A business credit score is a rating calculated based on your credit history. It is an indicator of the financial health of your business that gives lenders insight regarding how risky it may be to lend money to you.

While business credit scores were created to help lenders, they are also an excellent indicator for business owners on the financial hygiene of their business.

What are Business Credit Scores?

There are many credit bureaus in Australia that prepare business credit reports for lenders and creditors to use when deciding on whether to approve applications. Some of the agencies are Equifax, Experian, Illion and Creditor Watch. 

These companies have slightly different measures. However, they are all essentially measuring the same thing. Provided by Experian and Illion is a number between 0 and 1,000, while the credit score range of Equifax is between 0 and 1,200. Creditor Watch uses a different rating system altogether and their scores are displayed using letters where A1, A2 and A3 are very low risk, all the way down to F. The score indicates to a potential lender how trustworthy you are as a borrower and helps them decide whether or not to provide you with a loan.

Your business credit score is a rating given based on your overall credit history. Your history may be impacted every time you make a late bill or loan payment, apply for credit, or pay a utility bill, so it’s critical that you do everything you can to keep it as high as possible.

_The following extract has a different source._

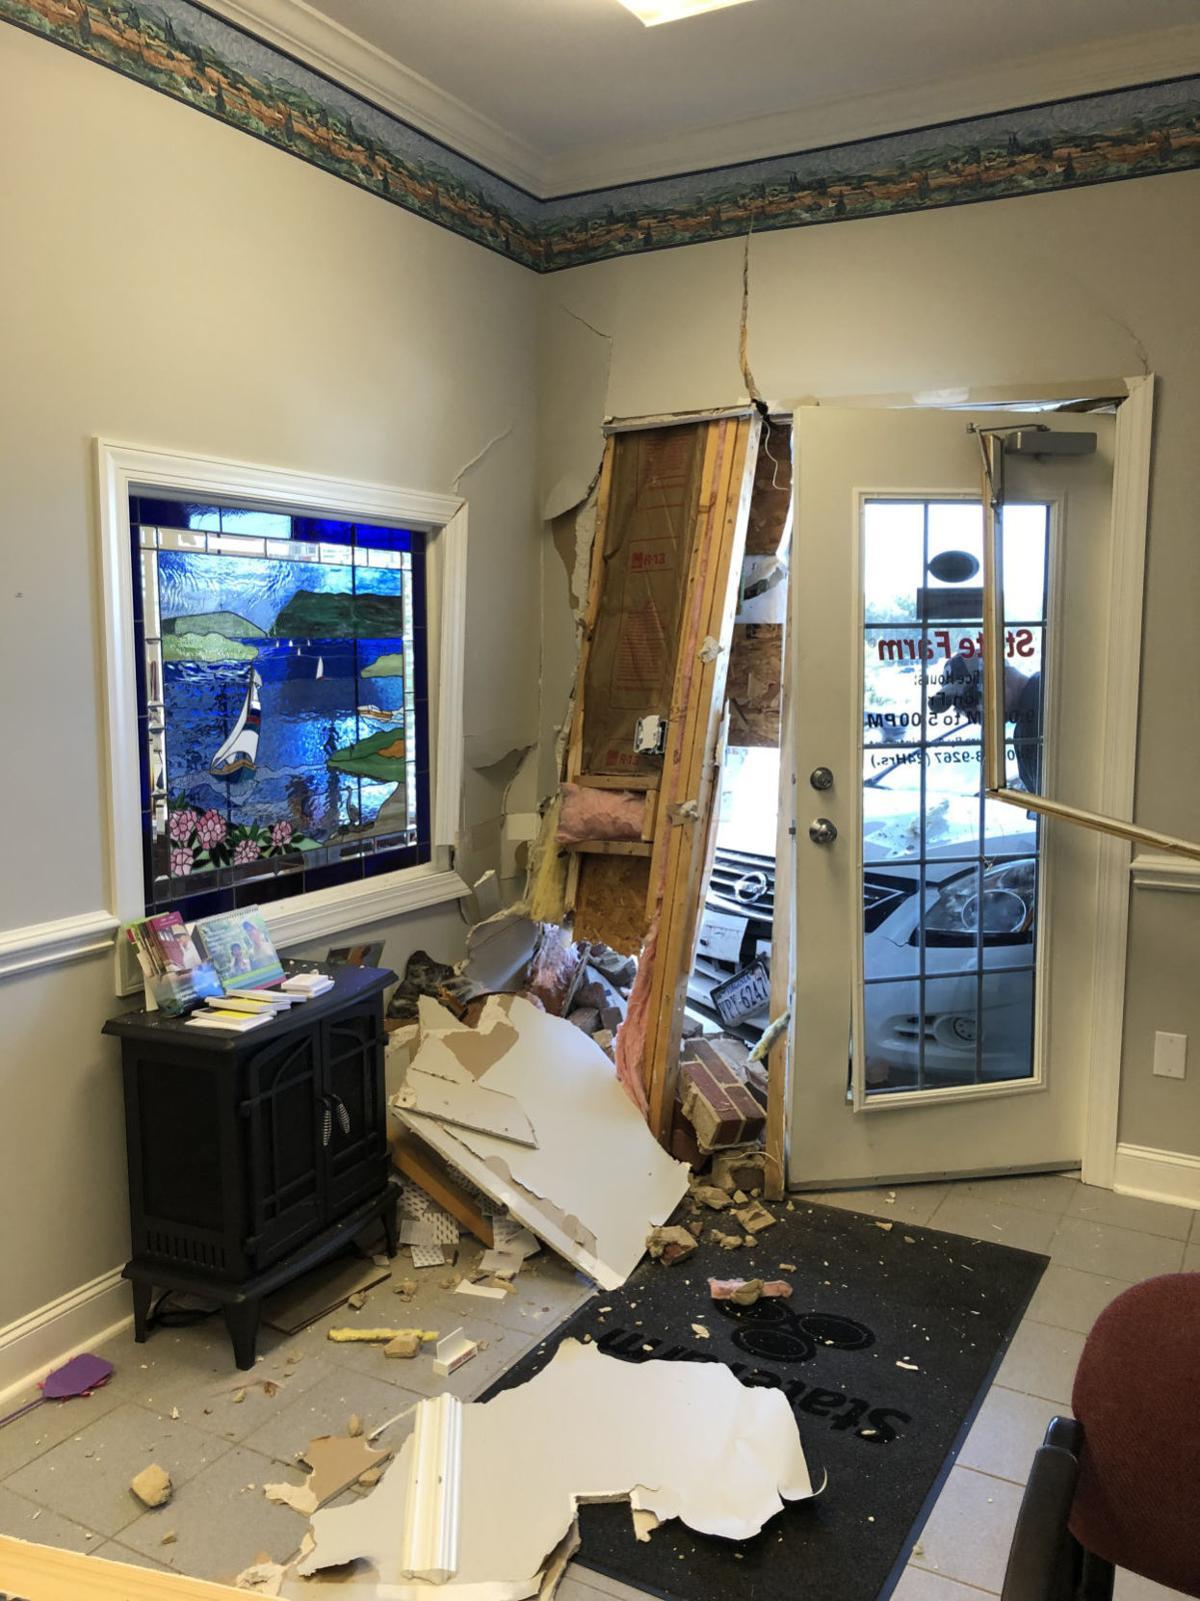 Insurance office sustains damage after crash

What factors contribute to a Business Credit Score?

Your score is derived from the information listed on your business credit file. This information includes the following:

Credit shopping habits

Your credit score can be impacted by your business’ finance-shopping habits and the types of credit you apply for. An increase in credit enquiries relating to applications may negatively impact the rating.

Payment history

Paying your bills and loan obligations late may negatively impact your rating. So it’s important to always pay on time. If your business is new, you might be considered a riskier borrower than a business that has been operating for a longer period of time. This is because you haven’t established your track record yet and have no payment history. 


Filing for bankruptcy will negatively affect your business’ rating. Once you are declared bankrupt, you are legally unable to repay your debts, so it makes sense that your credit score will plummet to zero.

Public records

Information that is a part of public records such as collections, litigation, court judgements and unpaid taxes can affect your score.

Business information

Information about the business, such as its structure, legal entity name, business address, directors, shareholders, years in business, trading history, time in business and other information is included in your business credit report and is used to determine your score.

Difference between Personal Credit Score and Business Credit Score

Business credit scores

A business credit score is calculated based purely on commercial factors to measure how well you’ve managed your finances. These factors include defaults, loan enquiries or other external records. Lenders and other businesses use the score to get an idea of whether you’re reliable and trustworthy when it comes to business and credit.

Personal credit scores

A personal credit score measures information from your personal report — things like the timing of your internet bill payments and personal credit card repayments. Essentially, a lot of components are the same as with the business score; the thing that differentiates them is the purpose of the credit — if it’s for personal use, it impacts your personal score, whereas credit for commercial use impacts your business score.

If your business is structured as a sole trader or partnership, you need to keep both your personal and business credit scores healthy. A sole trader is a person who is self-employed and carries on a business individually. Thus, they may request financing as an individual, but the funds are used for business purposes. When applying for business finance, not only will their personal credit score be examined, but also their business credit score. However, this does not work the opposite way; when an individual applies for personal finance, their business credit score is not taken into account.

How can I check my Business Credit Score?

The credit reporting bureaus (Equifax, Experian, Illion and Creditor Watch) allow you to periodically check your business’ credit score.  Propell’s Business Pulse health check also allows you to check your credit health, along with other key financial indicators for overall business health. There are also other Australian online services that allow small businesses to receive their credit scores for free — without impacting their report.  Accessing free business credit score checks allows businesses to be better prepared regarding finance.

How can I improve by Business Credit Score?

Your business credit score is crucial for the future of your business. So, how can you improve it? We’ve got you covered! Here are some tips:

Monitor your rating

Check your business credit report a few times a year. If it falls below a certain threshold and you’re unsure why, contact your creditor or the credit scoring company. It’s not uncommon for errors to crop up every now and then. These can easily be fixed by communicating with the right parties. However, if the score is decreasing because of legitimate circumstances, it’s important to note that there’s no quick fix for this — so be wary of any agency that claims to be able to repair your credit under these circumstances.

Prompt payment

Always pay your bills on time. On-time payments play a large role in improving your business credit score.

Utilise healthy credit

You can’t prove your creditworthiness without a credit history! Maintaining healthy forms of credit such as keeping on top of credit card or business loan repayments can be an effective way of establishing your history with finance products.

Limit applications

Enquiries are recorded on your file each time you apply for a loan product. If lots of enquiries are recorded close together, it’s a sign that you aren’t responsibly managing your money or you’re being rejected. For this reason, your score will decline.

Your business credit score impacts your ability to secure business loans, credit cards, utilities, telecommunications services, and other payment terms. The financial health of your business is essential for its success. If your business has a bad credit score, don’t stress! There are various ways to improve your credit score — the first step is understanding what your score is.